Summary From biosynthesis to assembly into nucleosomes, histones are handed through a cascade of histone chaperones, which shield histones from non-specific interactions. Whether mechanisms exist to safeguard the histone fold during histone chaperone handover events or to release trapped intermediates is unclear. Using structure-guided and functional proteomics, we identify and characterize a histone chaperone function of DNAJC9, a heat shock co-chaperone that promotes HSP70-mediated catalysis. We elucidate the structure of DNAJC9, in a histone H3-H4 co-chaperone complex with MCM2, revealing how this dual histone and heat shock co-chaperone binds histone substrates.
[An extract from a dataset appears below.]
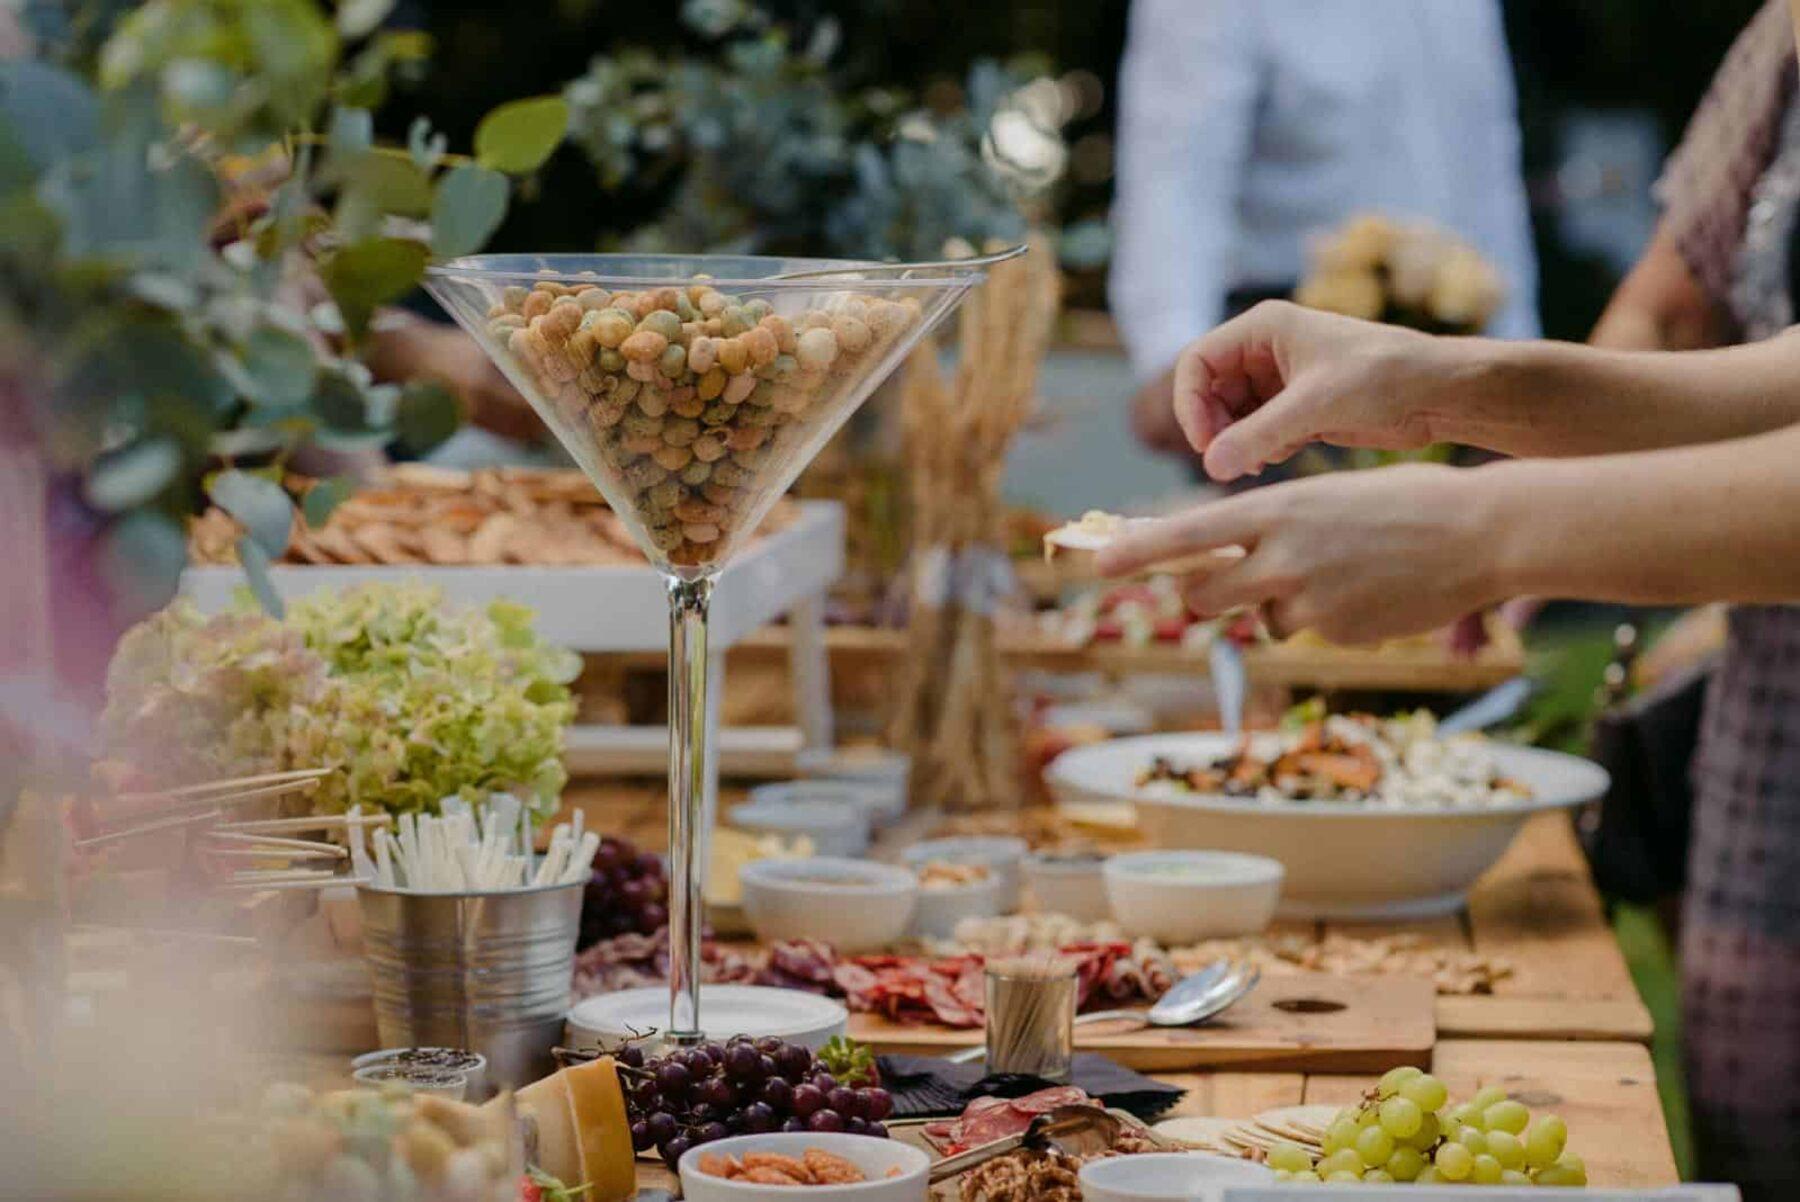 backyard wedding grazing table

We show that DNAJC9 recruits HSP70-type enzymes via its J domain to fold histone H3-H4 substrates: upstream in the histone supply chain, during replication- and transcription-coupled nucleosome assembly, and to clean up spurious interactions. With its dual functionality, DNAJC9 integrates ATP-resourced protein folding into the histone supply pathway to resolve aberrant intermediates throughout the dynamic lives of histones.
Graphical abstract
Highlights • DNAJC9 is a dual histone chaperone and heat shock co-chaperone • Crystal structure reveals the binding mode of DNAJC9 with H3-H4 dimers • DNAJC9 recruits HSP70 enzymes to guard histone structural integrity • ATP-dependent protein folding is integral to histone chaperone biology
Hammond et al. identified and characterized a histone chaperone functionality in the heat shock co-chaperone DNAJC9. DNAJC9 directs molecular chaperones to histone substrates, facilitating their supply to and transactions within chromatin. This study highlights that histone chaperones and molecular chaperones combine to fully protect histone proteins on route to chromatin.